Work item –
Every line of the material below should be output exactly as written, with the images skipped.

Information supplied –
----
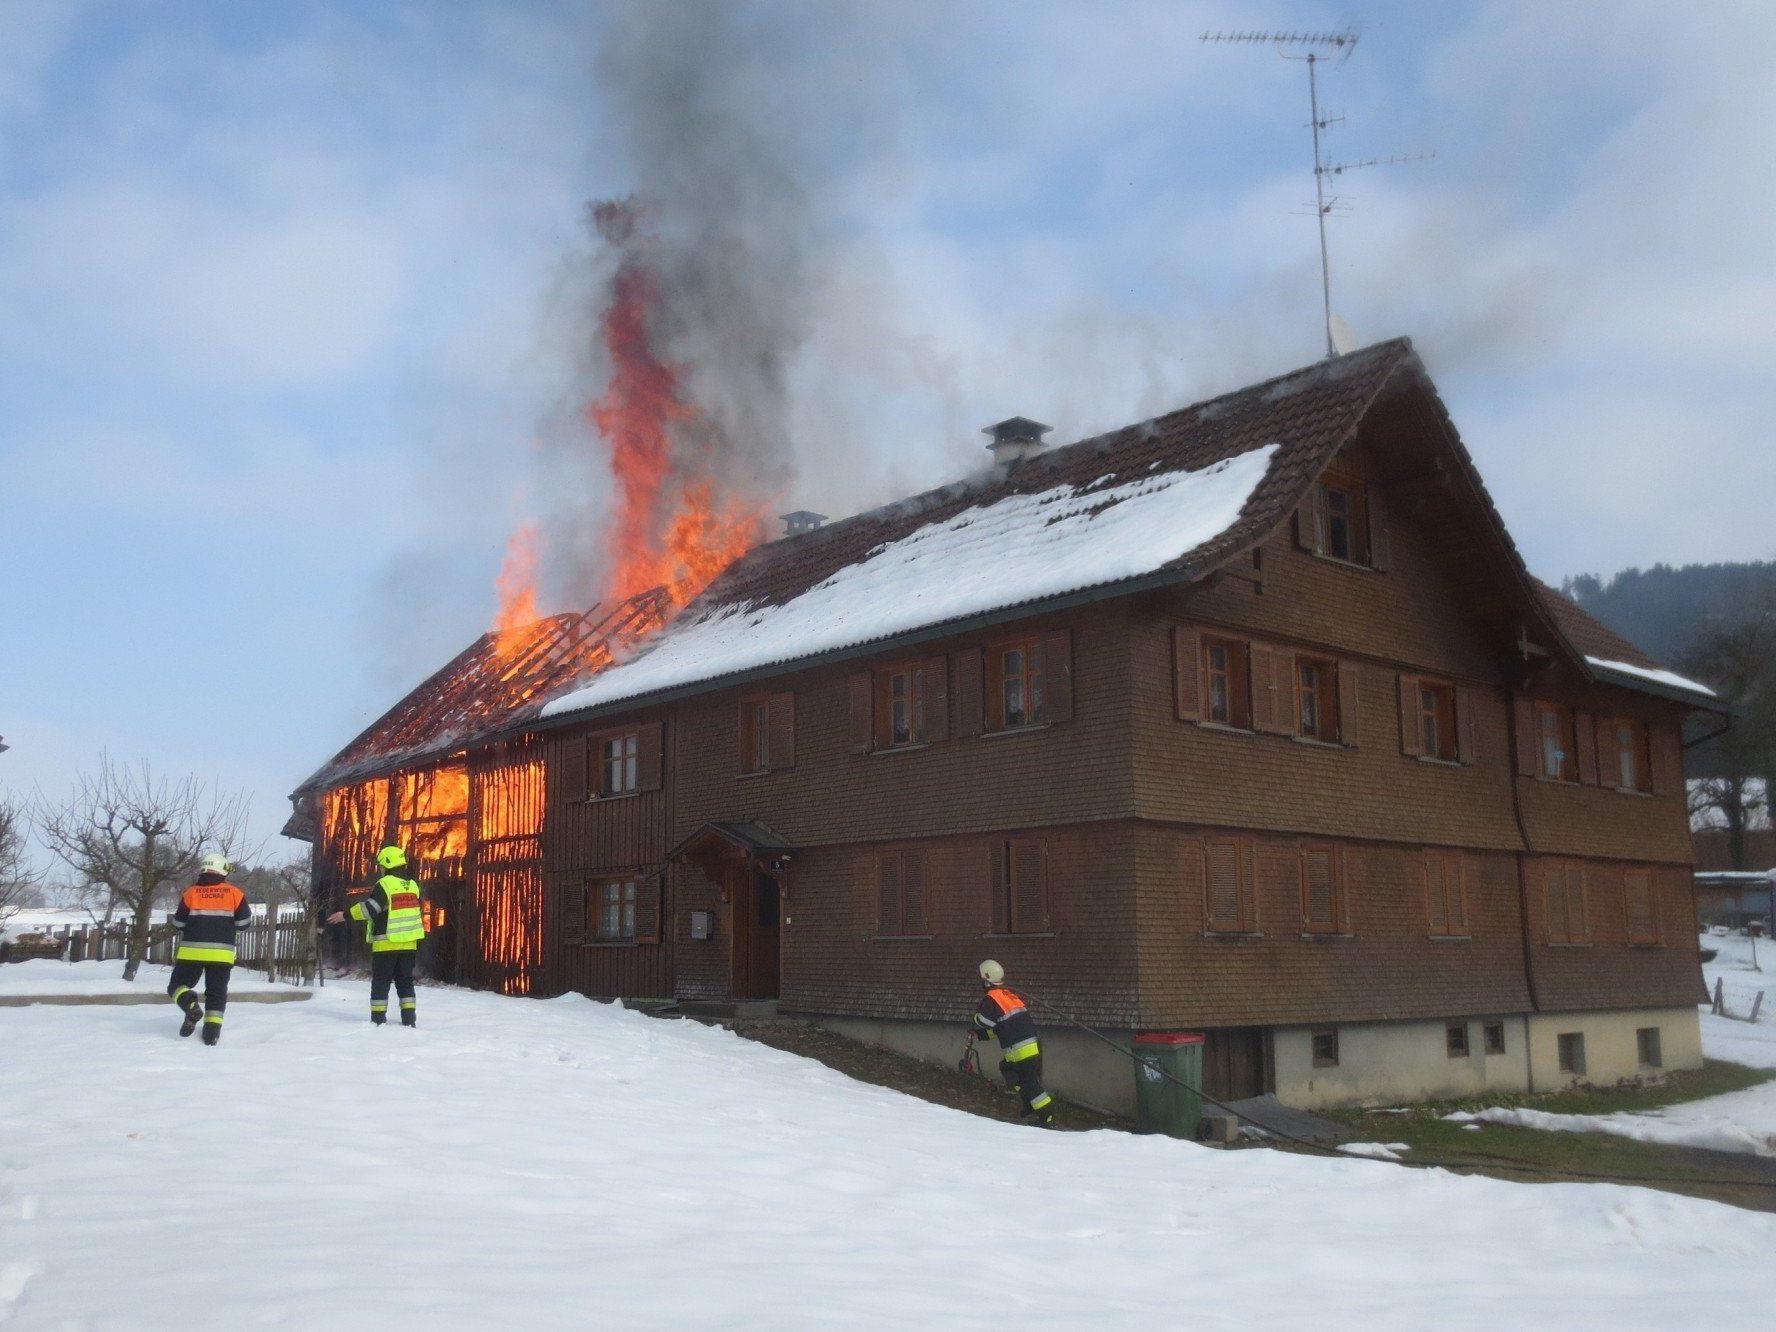 Der aus Holz bestehende jahrzehntealte Stadel stand schnell im Vollbrand.
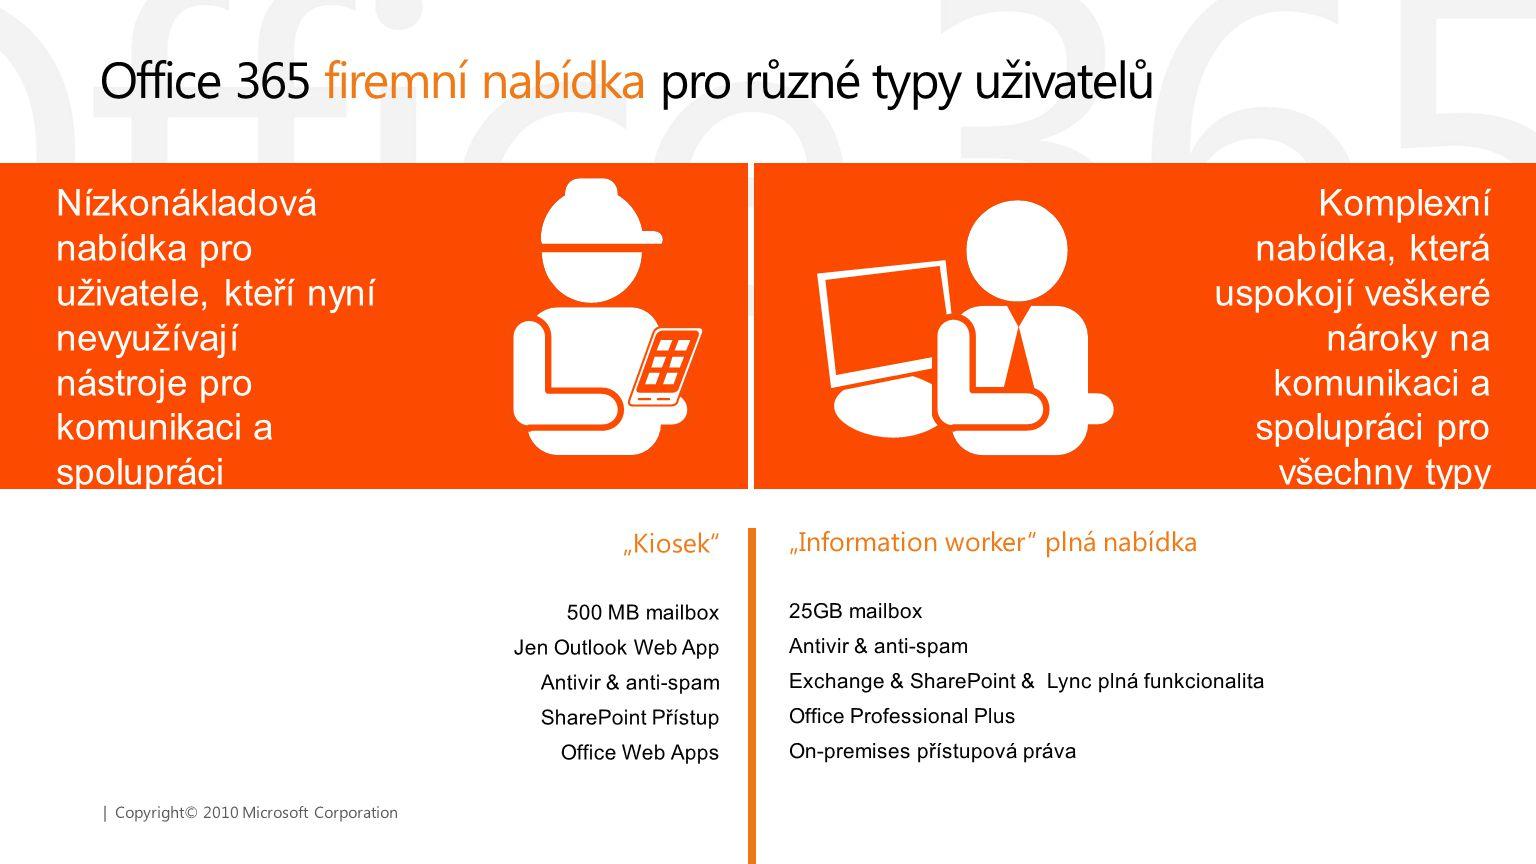 Office 365 firemní nabídka pro různé typy uživatelů
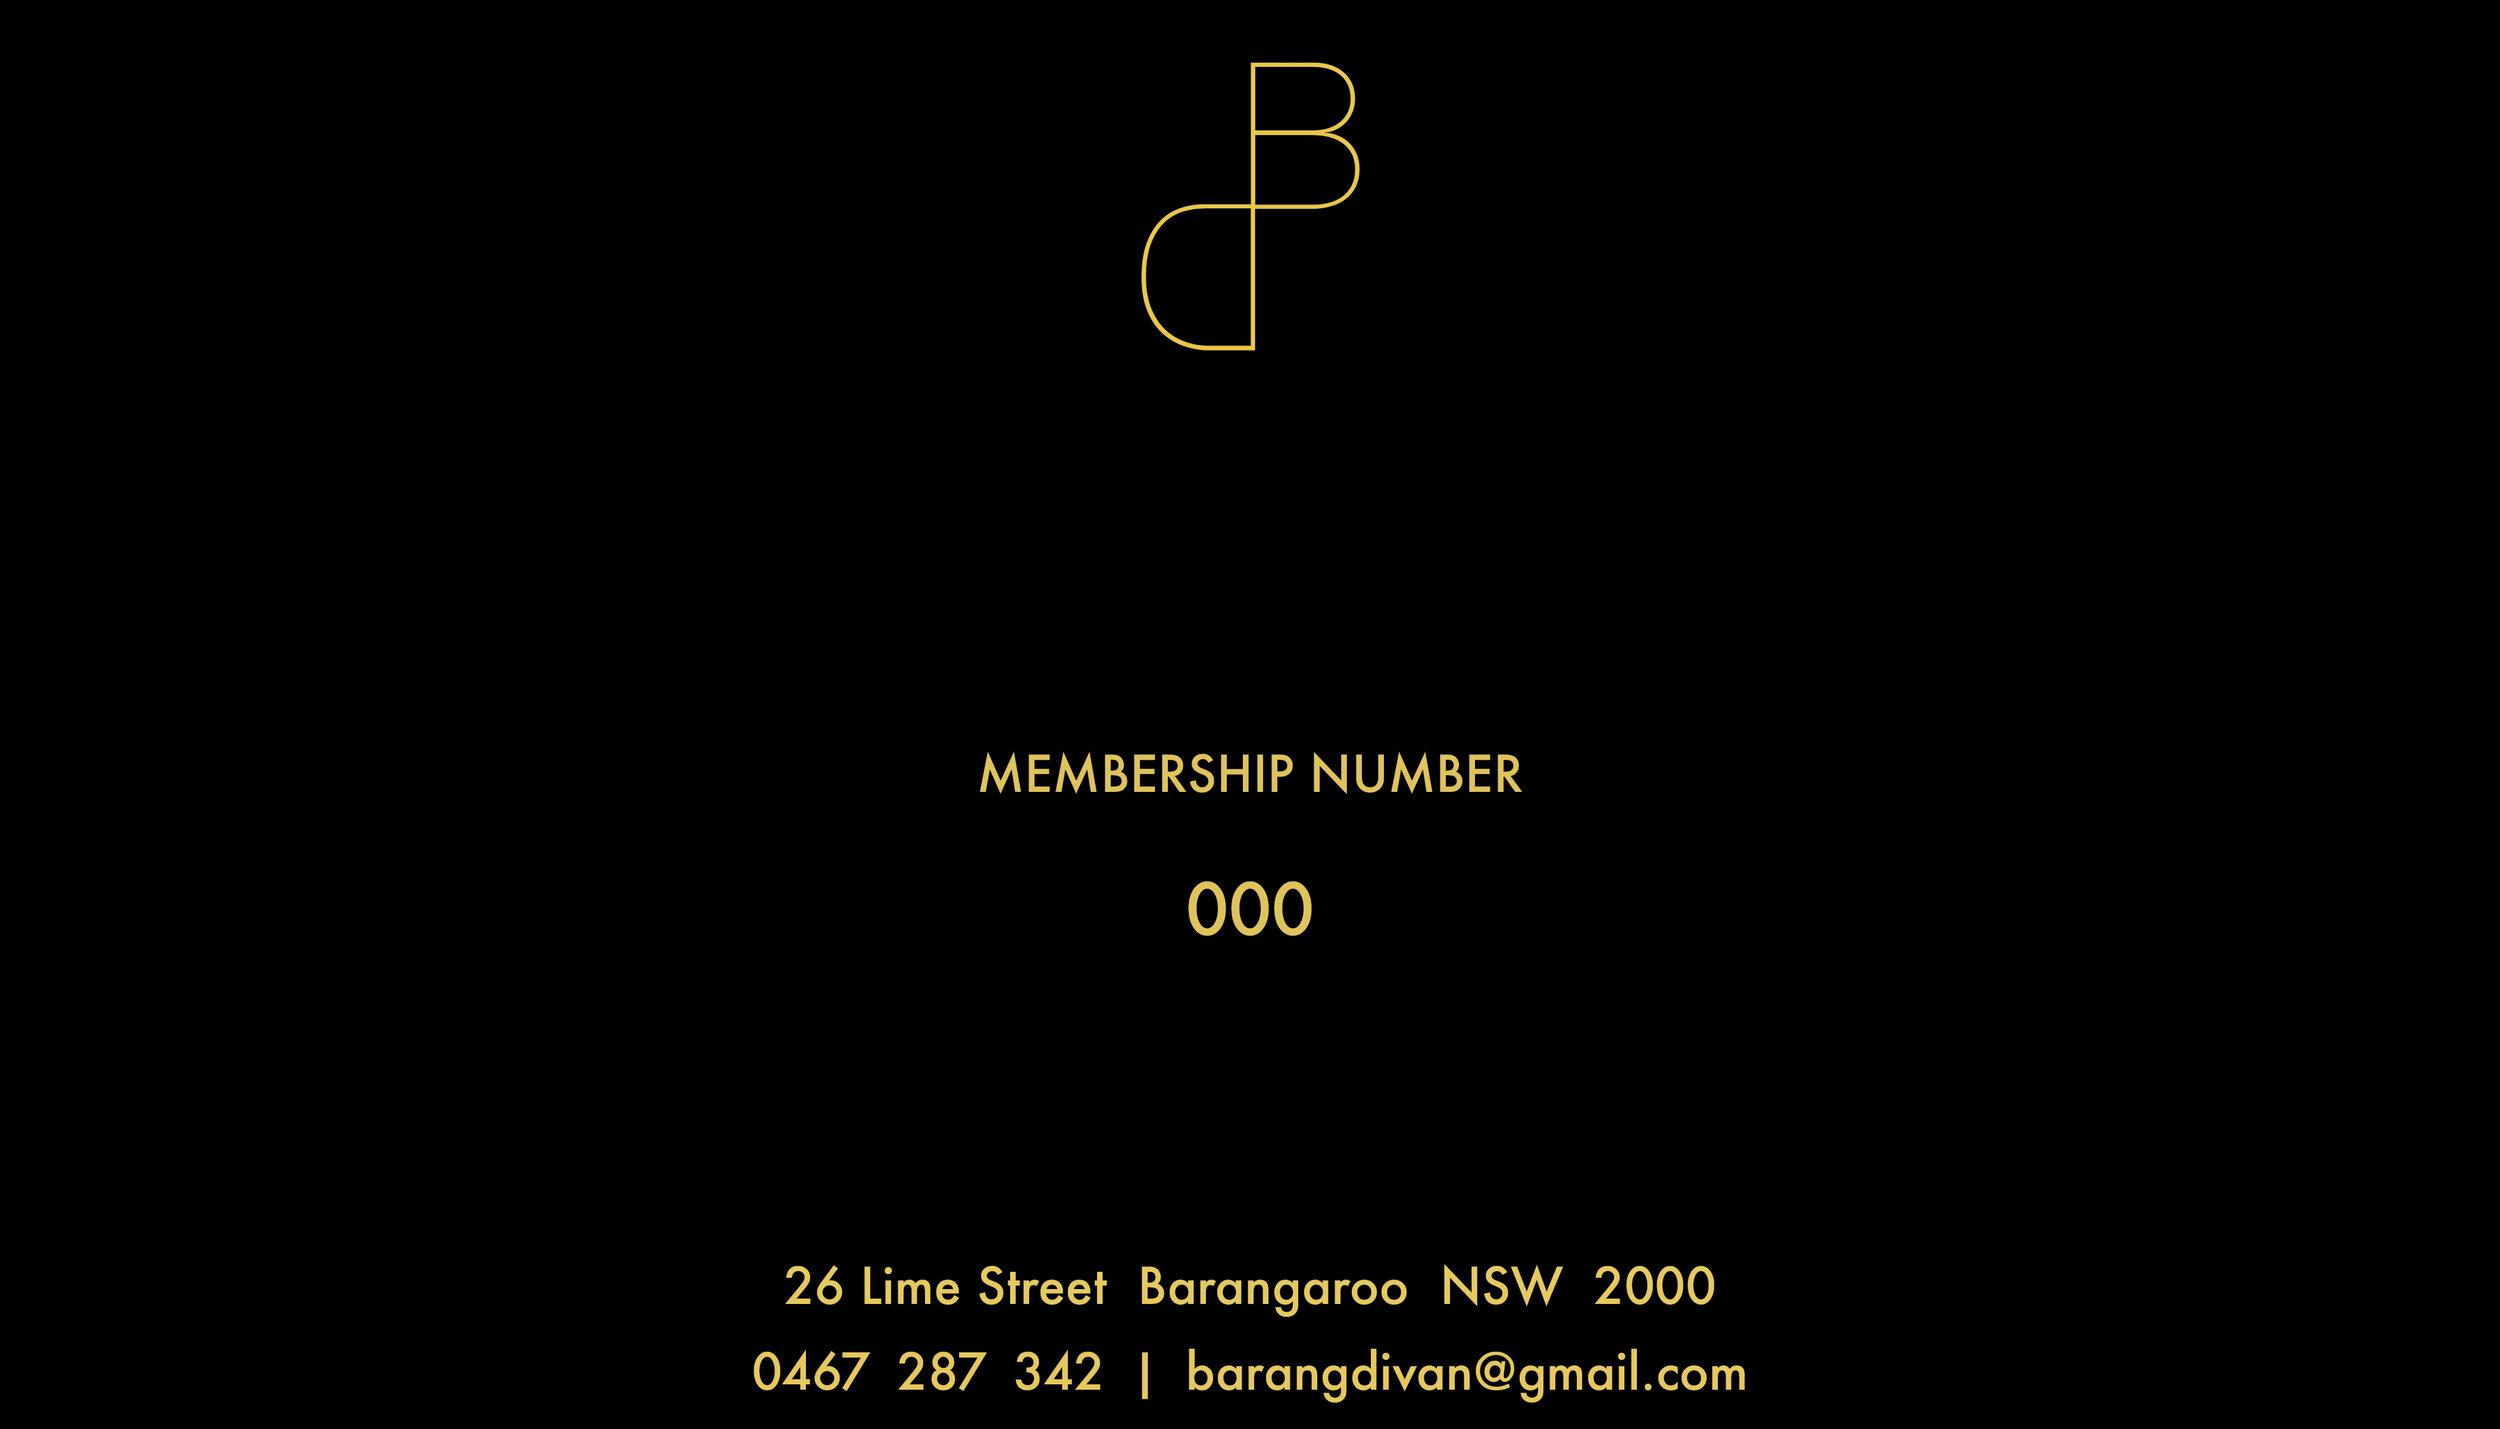 Barang Divan Membership Cards2.jpg
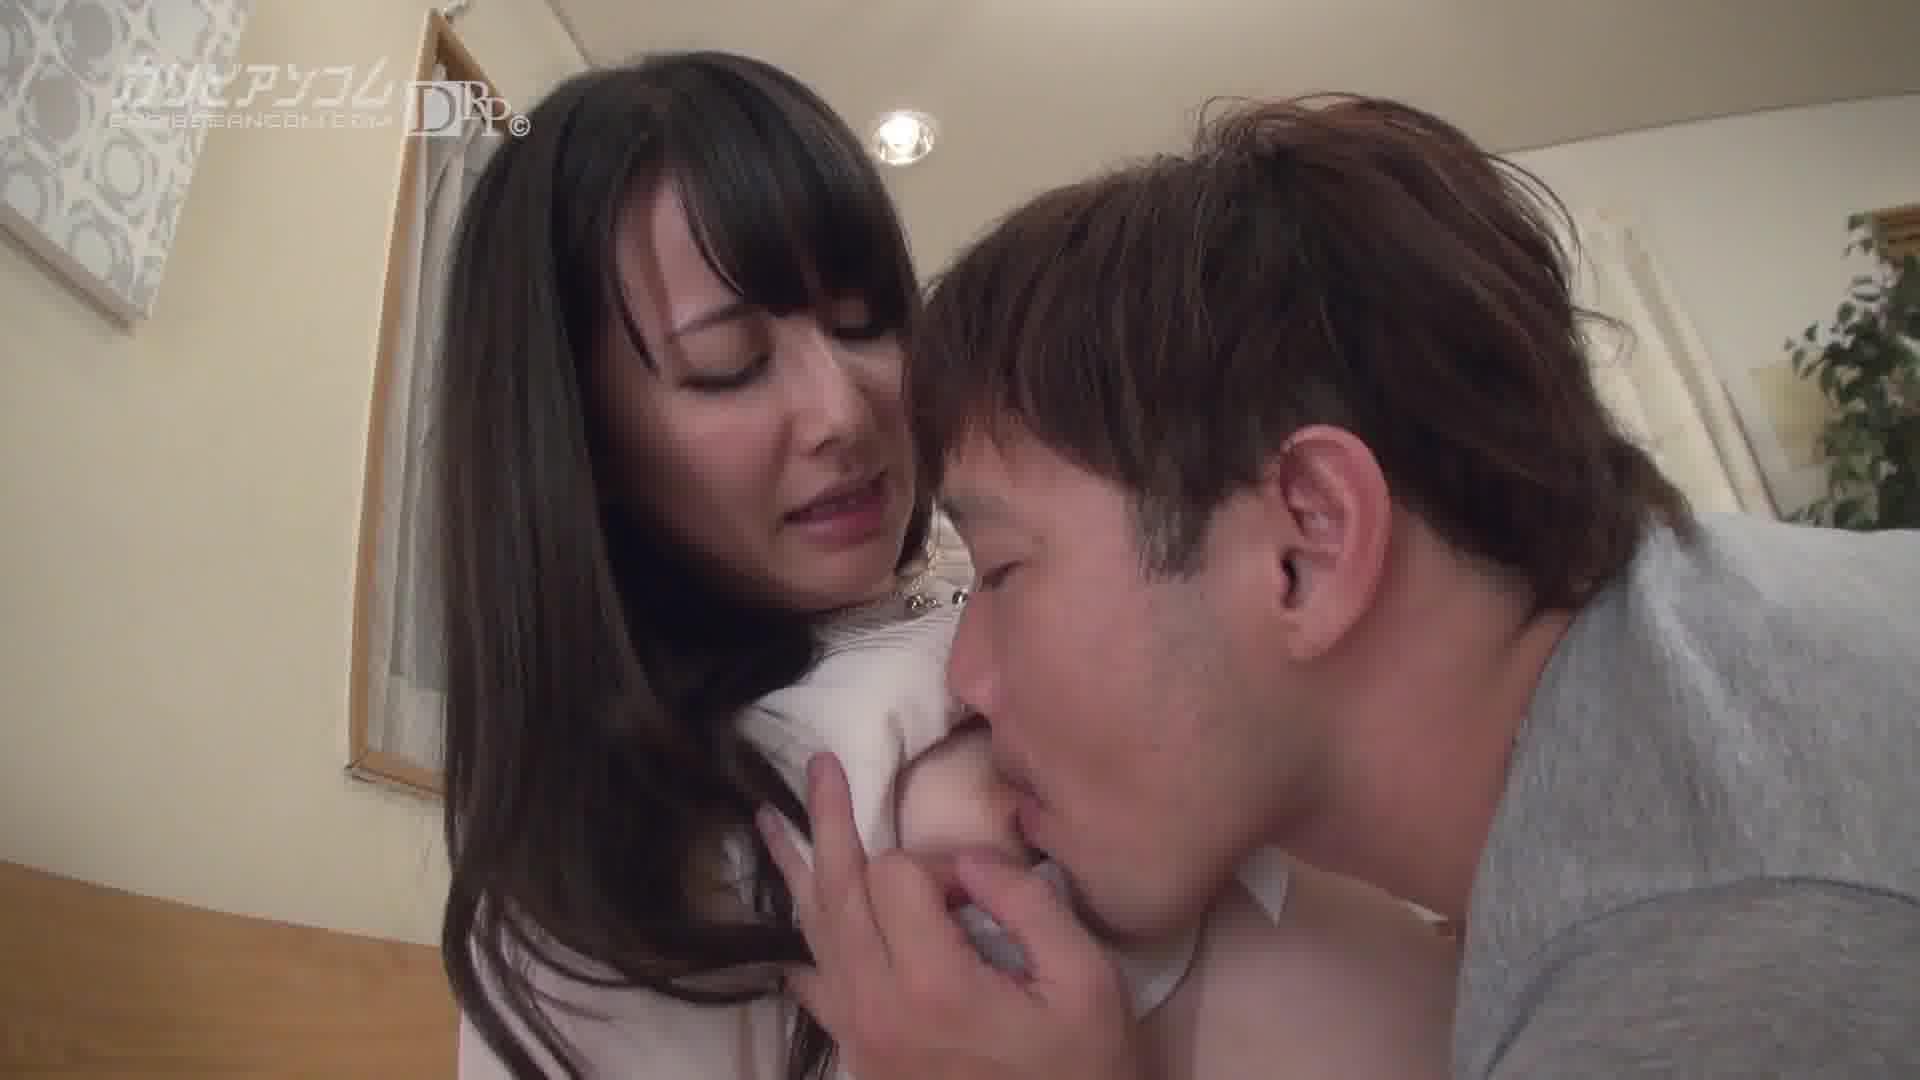 デリヘル嬢は現役女子大生 - 岩佐あゆみ【潮吹き・イラマチオ・中出し】
----
Written response –
 Der aus Holz bestehende jahrzehntealte Stadel stand schnell im Vollbrand.
 Office 365 firemní nabídka pro různé typy uživatelů
 Barang Divan Membership Cards2.jpg
 デリヘル嬢は現役女子大生 - 岩佐あゆみ【潮吹き・イラマチオ・中出し】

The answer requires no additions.